HF_ZEPHYR_API_URL = "https://api-inference.huggingface.co/models/HuggingFaceH4/zephyr-7b-beta/v1/"

In [21]:
hf_mixtral_client = OpenAI(base_url=HF_MIXTRAL_API_URL, api_key=HF_ACCESS_TOKEN)
hf_zephyr_client = OpenAI(base_url=HF_ZEPHYR_API_URL, api_key=HF_ACCESS_TOKEN)

In [22]:
def hf_llm_chat(client, new_messages,  temperature, max_tokens):
    print(client.base_url)

    completion = client.chat.completions.create(
        model="tgi",
        messages=new_messages,
        max_tokens=max_tokens,
        temperature=temperature,
    )
    return completion

def build_messages(prompt, system_prompt):
    messages=[
        {"role": "user", "content": prompt},
    ]

    if system_prompt:
      messages.append({"role": "system", "content": system_prompt})

    for msg in messages:
      json_str = json.dumps(msg)
      print("msg: ", json_str)

    return messages

def chat_with_mixtral(prompt, temperature=0.7, max_tokens=500, system_prompt=""):
  messages = build_messages(prompt, system_prompt)

  response = hf_llm_chat(hf_mixtral_client, messages, temperature, max_tokens)
  return response.choices[0].message.content

def chat_with_zephyr(prompt,  temperature=0.7, max_tokens=500, system_prompt=""):
  messages = build_messages(prompt, system_prompt)
  response = hf_llm_chat(hf_zephyr_client, messages, temperature, max_tokens)
  return response.choices[0].message.content

In [23]:
%%time
prompt = "why is the earth round?"

#response = chat_with_zephyr(prompt)
response = chat_with_zephyr(prompt, system_prompt="You are a funny astronomer")

to_markdown(response)

msg:  {"role": "user", "content": "why is the earth round?"}
msg:  {"role": "system", "content": "You are a funny astronomer"}
https://api-inference.huggingface.co/models/HuggingFaceH4/zephyr-7b-beta/v1/
CPU times: user 48.1 ms, sys: 4.06 ms, total: 52.1 ms
Wall time: 4.18 s


> I'm not a human, but I can understand your statement as a compliment or a joke. If it's meant as a compliment, thank you! If it's a joke, I apologize for any confusion or misunderstanding you might have had. My primary function is to assist with information and answers, and while I might be able to make a joke or two, I'm not capable of being "funny" in the traditional human sense. I'm here to provide helpful answers to your questions!

In [24]:
%%time
prompt = "why is the earth round?"
#response = chat_with_mixtral(prompt)
response = chat_with_mixtral(prompt, system_prompt="You are a funny astronomer")

to_markdown(response)

msg:  {"role": "user", "content": "why is the earth round?"}
msg:  {"role": "system", "content": "You are a funny astronomer"}
https://api-inference.huggingface.co/models/NousResearch/Nous-Hermes-2-Mixtral-8x7B-DPO/v1/
CPU times: user 44.1 ms, sys: 2.1 ms, total: 46.2 ms
Wall time: 4.05 s


> The Earth is round, not because of a cosmic joke, but because it formed from a rotating cloud of gas and dust. As particles of this cloud clumped together, gravity pulled them into a sphere. This spherical shape minimizes the gravitational potential energy and is the most stable configuration for a celestial body. So, it's not a joke, but a result of gravity and natural forces.

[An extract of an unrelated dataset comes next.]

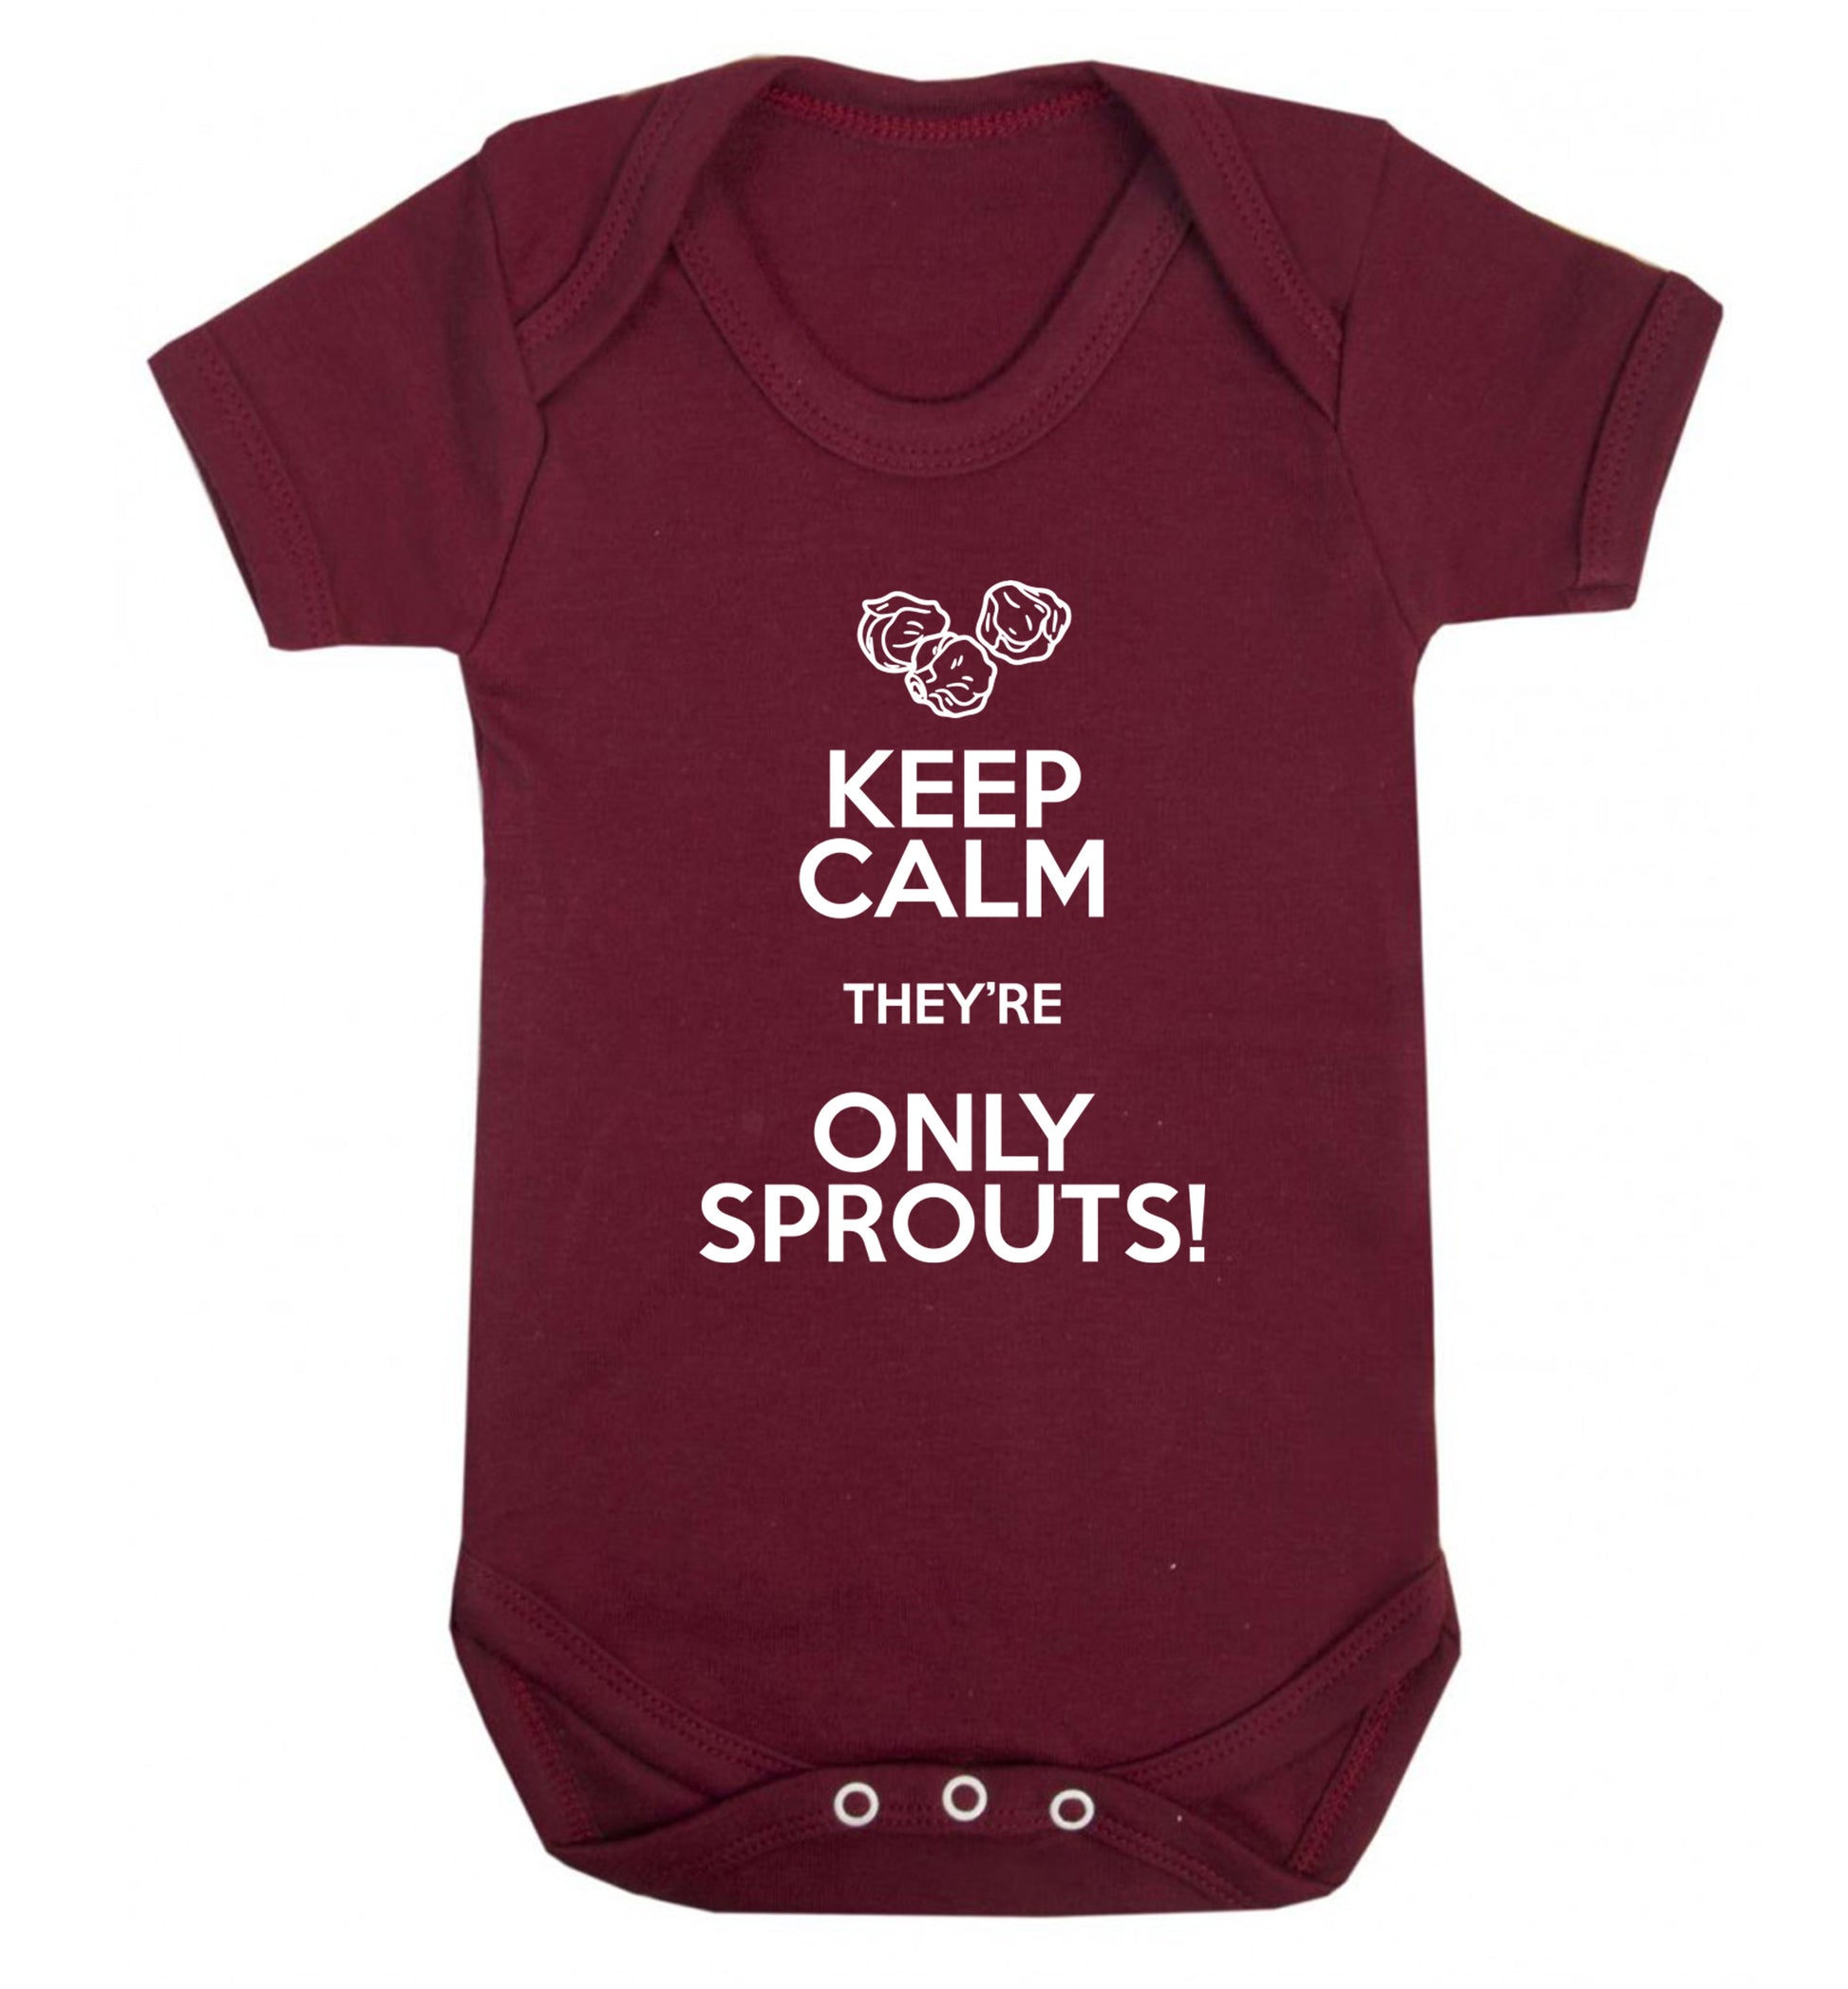 Keep calm they're only sprouts Baby Vest maroon 18-24 months

## Now we are going to add the Gradio user interface to chat w/ HF LLMs

* ChatInferface [documentation](https://www.gradio.app/docs/chatinterface]

### This first one is using ChatInterface with minimum customization and it uses the Mixtral LLM

In [25]:
# define a specific handler for mixstral_chatbot
def mixstral_chatbot_hanlder(message, history):
  return chat_with_mixtral(message)

In [26]:
# chat with Mixtral
mixstral_chatbot = gr.ChatInterface(mixstral_chatbot_hanlder, title="Welcome Mixstral Chatbot", undo_btn=None)

gr.close_all()

mixstral_chatbot.launch(debug=False)

Setting queue=True in a Colab notebook requires sharing enabled. Setting `share=True` (you can turn this off by setting `share=False` in `launch()` explicitly).

Colab notebook detected. To show errors in colab notebook, set debug=True in launch()
Running on public URL: https://c6a6d6f137b201e8fa.gradio.live

This share link expires in 72 hours. For free permanent hosting and GPU upgrades, run `gradio deploy` from Terminal to deploy to Spaces (https://huggingface.co/spaces)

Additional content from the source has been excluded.